Figure 10. Predicted interactions of MEK1-MEK2.
A) Predicted interaction of MEK1-MEK2, PDB IDs are 3eqcA (MEK1) and 1s9iA (MEK2). PRISM calculated the energy as −23.84 kJ/mol. Red box focuses on the helices where two structures are most close to each other. B) Predicted interaction of MEK1-MEK2, PDB IDs are 3e8nA (MEK1) and 1s9iA (MEK2). PRISM calculated the energy as −78.99 kJ/mol, lower than the energy calculated in part A. Red box focuses on the helixes where two structures are most close to each other. It shows helices are more complementary to each other compared to the interaction in part A.
Some of the predicted interactions have been shown experimentally. MEK1 activates ERK1 via phosphorylation. MEK1 residues 33-393, which cover all interacting residues in our model, interact with ERK.75 Deletion of ERK residues 241-272, which in our model contribute 10 out of the 13 interacting residues, abolishes the interaction. However, this deletion does not affect the ERK-Mnk association, and in our model the interaction is not through this portion of the surface. MP1 is a MEK1 scaffolding protein which regulates cell spreading. In the MEK1-MP1 interaction, binding is through MEK1 residues 220-393, which in our model include all interacting residues (without contribution from MEK1 residues 1-219).76 No MEK2-MP1 interaction was detected in the two-hybrid system in agreement with our predictions. Kinase suppressor of Ras (KSR) is a scaffolding protein for the Raf-MEK-ERK complex. KSR2 promotes phosphorylation of MEK1 and the crystal structure of this heterodimer was obtained (PDB ID: 2y4i).77 Since the KEGG database does not include KSR2 in the MAPK pathway, we also did not include this protein in our predictions. However, PRISM could predict the KSR2-MEK1 interaction (data not shown). MEK1-MEK2 interaction determines the strength and duration of the ERK signal78 and the ERK-RSK interaction is observed in response to various stimuli, like growth factors, polypeptide hormones, neurotransmitters, and chemokines.79 MEK1 and MEK2 signaling stimulate ribosomal S6 kinase (RSK).80
Using a structural protein-protein interaction network, we are able to observe which interactions can (or cannot) occur simultaneously. If two proteins interact through different sites of a third protein and there is no spatial clash, the two interactions can occur simultaneously, forming a trimer.

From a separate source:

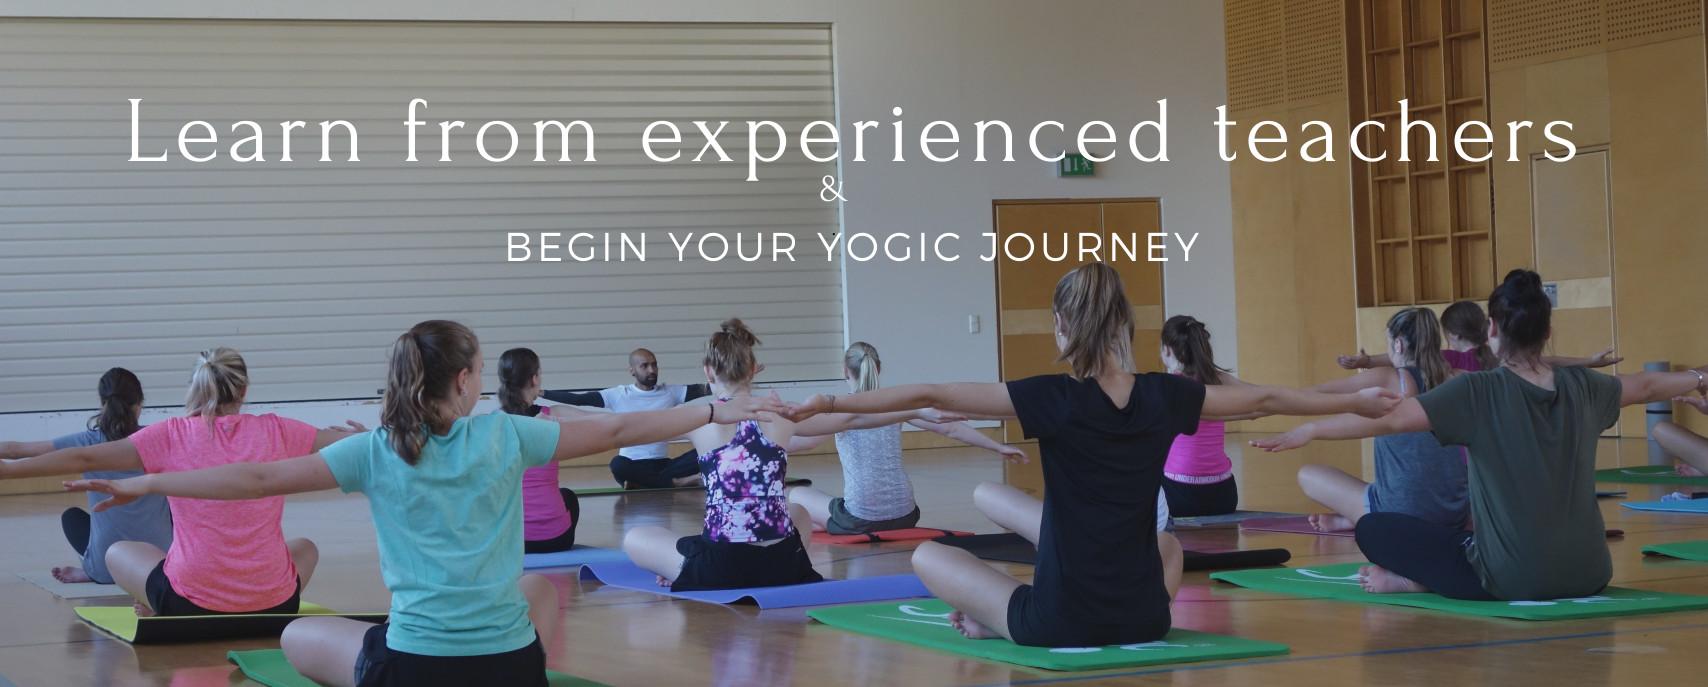 Yog Temple, Yoga Teacher Training in Austria, Yoga in Austria, Classical Hatha Yoga, Shamanism, YTTC200, Shamanism Course in Europe

For example, a trimer of ERK-MEK1-MEK2 can form, as shown in Figure 11. The energetically most favorable predictions were 3mblA-2ojgA (PDB codes) for MEK1-ERK and 3e8nA-1s9iA for MEK1-MEK2. These formed via two different conformations of MEK1, 3mblA and 3e8nA. In the construction of the trimer, we considered one of these MEK1 conformations, 3mblA. The most favorable interaction of 3mblA with a MEK2 was 3mblA-1s9iB (energy: −62.75 kJ/ml, template: 1s9iAB). Since ERK and MEK2 bind through different sites of MEK1 and their residues did not clash, a trimer could be obtained based on MEK1-ERK and MEK1-MEK2 interactions. The trimer structure was modeled by superimposing MEK1 (3mblA) of MEK1-ERK (3mblA-2ojgA) and MEK1-MEK2 (3mblA-1s9iB). Figure 12 presents the most favorable interacting conformations of ERK, obtained by using alternative conformations. Different conformations of the same protein are given by different structures in the same color. Collectively, these show which conformation of a protein is more favorable to interact with another protein, and indicate that the protein switches its conformation while switching its interacting partner, information that is valuable for figuring out pathway regulation.
Figure 11. Trimer structure of ERK, MEK1 and MEK2.
Trimer structure was obtained via superimposing MEK1 protein (3mblA) of MEK1-ERK (3mblA-2ojgA) and MEK1-MEK2 (3mblA-1s9iB) interactions predicted by PRISM. Blue: MEK1 protein, green: ERK protein and orange: MEK2 protein.
Figure 12. Interacting conformations of ERK interacting proteins.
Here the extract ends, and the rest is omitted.